New seat polls suggest Labor on track for two gains in Western Australia, although the going is a lot heavier for them than when a similar exercise was conducted in March.

The Sunday Times in Perth has published results of automated phone polls from Utting Research targeting the same four seats as a previous exercise in March. While suggesting Labor are set to pick up two seats, the results are quite a bit stronger for the Liberals than last time, although the sample sizes of 400 per seat imply large margins of error of nearly 5%:

• Labor is credited with a lead of 53-47 in Swan, in from 59-41 last time. The primary votes are 39% for Liberal candidate Kristy McSweeney on 39% (up seven from the previous poll), Labor candidate Zaneta Mascarenhas on 38% (down eight), 10% for the Greens (up three), 4% for One Nation (up one) and 3% for the United Australia Party (down two).

• Labor’s lead in Pearce is in from 55-45 in March to 52-48, from primary votes of 32% for Liberal candidate Linda Aitken (up two), 30% for Labor candidate Tracey Roberts (down fourteen), 12% for the Greens (up seven), 7% for One Nation (down two) and 6% for the United Australia Party (up one).

• Liberal member Ken Wyatt now leads Labor candidate Tania Lawrence 55-45 in Hasluck after trailing 52-48 in March. The primary votes are 39% for Wyatt (up two) and 31% for Lawrence (down eight), with the Greens on 10% (down three), the United Australia Party on 9% (up six) and One Nation on 6% (down two).

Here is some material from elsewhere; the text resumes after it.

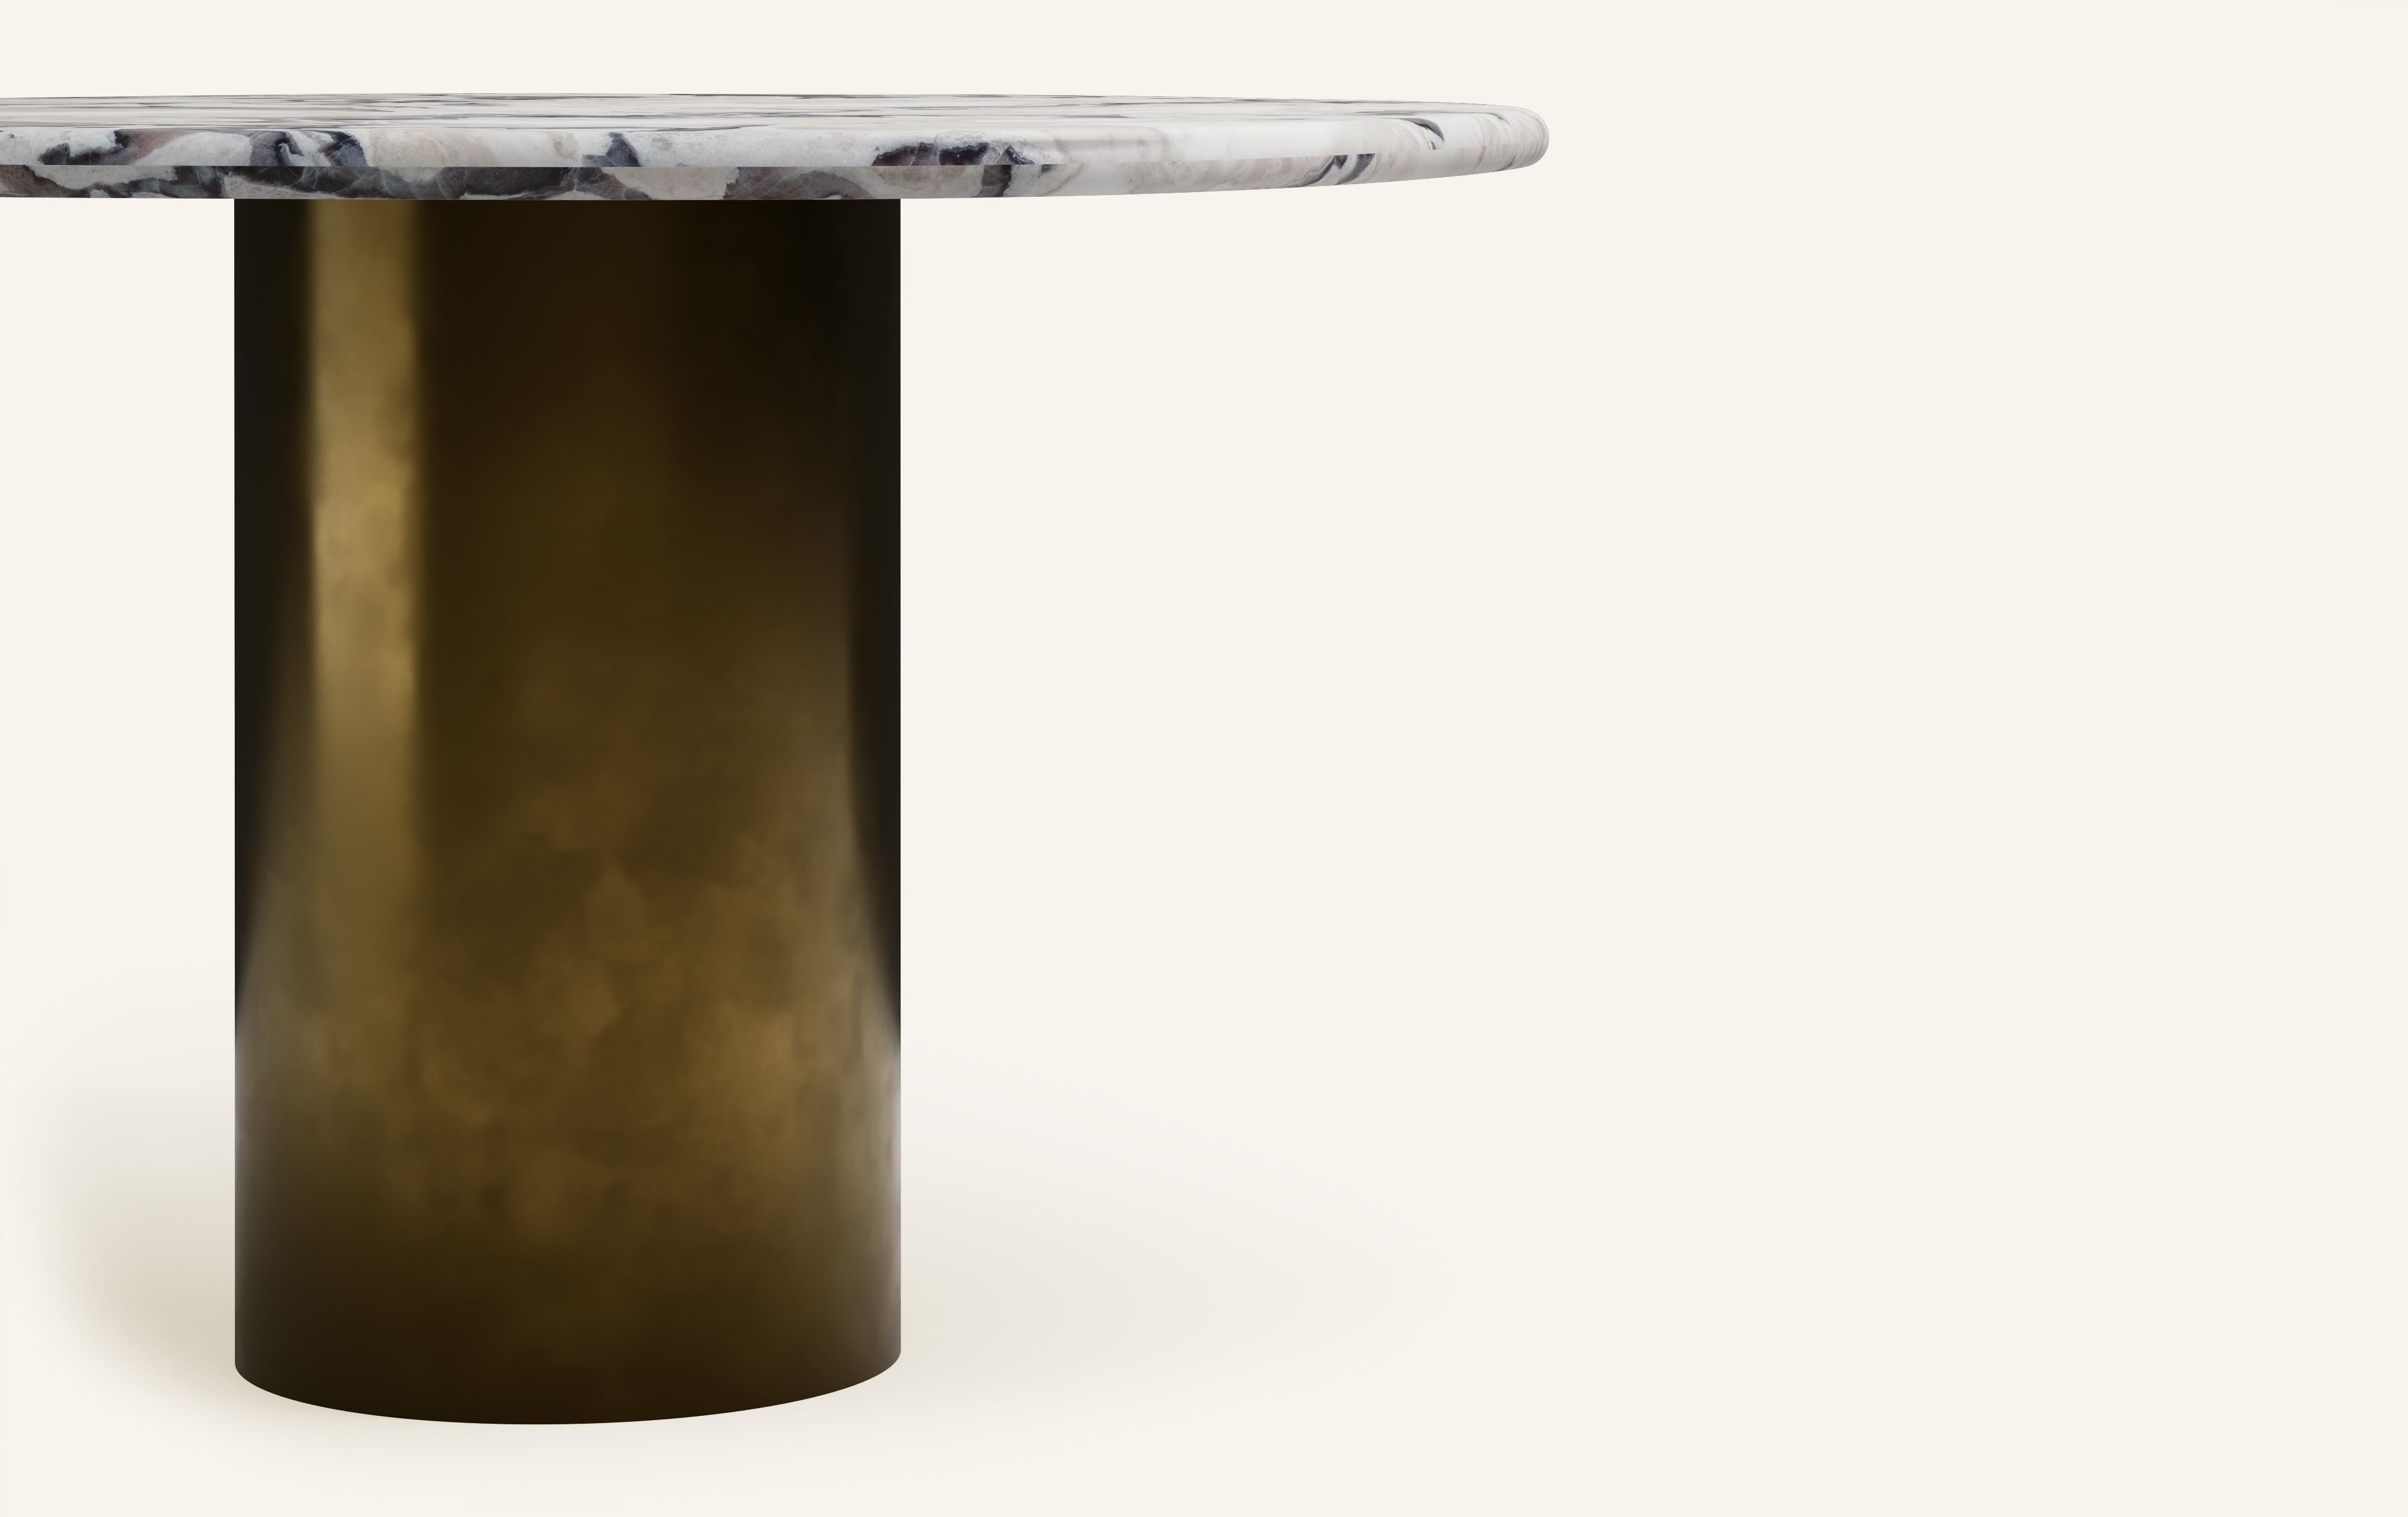 Organic Modern FORM(LA) Lago Round Dining Table 48”L x 48”W x 30”H Oyster Marble & Bronze For Sale

• Liberal member Ben Morton is credited with a 54-46 lead in Tangney after a 50-50 result last time. The primary votes are 47% for Morton (up six), 35% for Labor candidate Sam Lim (down six), 8% for the Greens (up one) and 2% each for One Nation and the United Australia Party (both unchanged).

Elsewhere, the Age/Herald notes a “briefing war” is under way among Liberals, with those aligned with Scott Morrison and Alex Hawke’s centre right faction presenting press gallery reporters with hopeful assessments at odds with those being traded by factional conservatives and moderates, who are respectively angry with the centre right over the New South Wales Liberal Party preselection logjam and a campaign strategy that has seemingly cut loose members under threat from the teal independents.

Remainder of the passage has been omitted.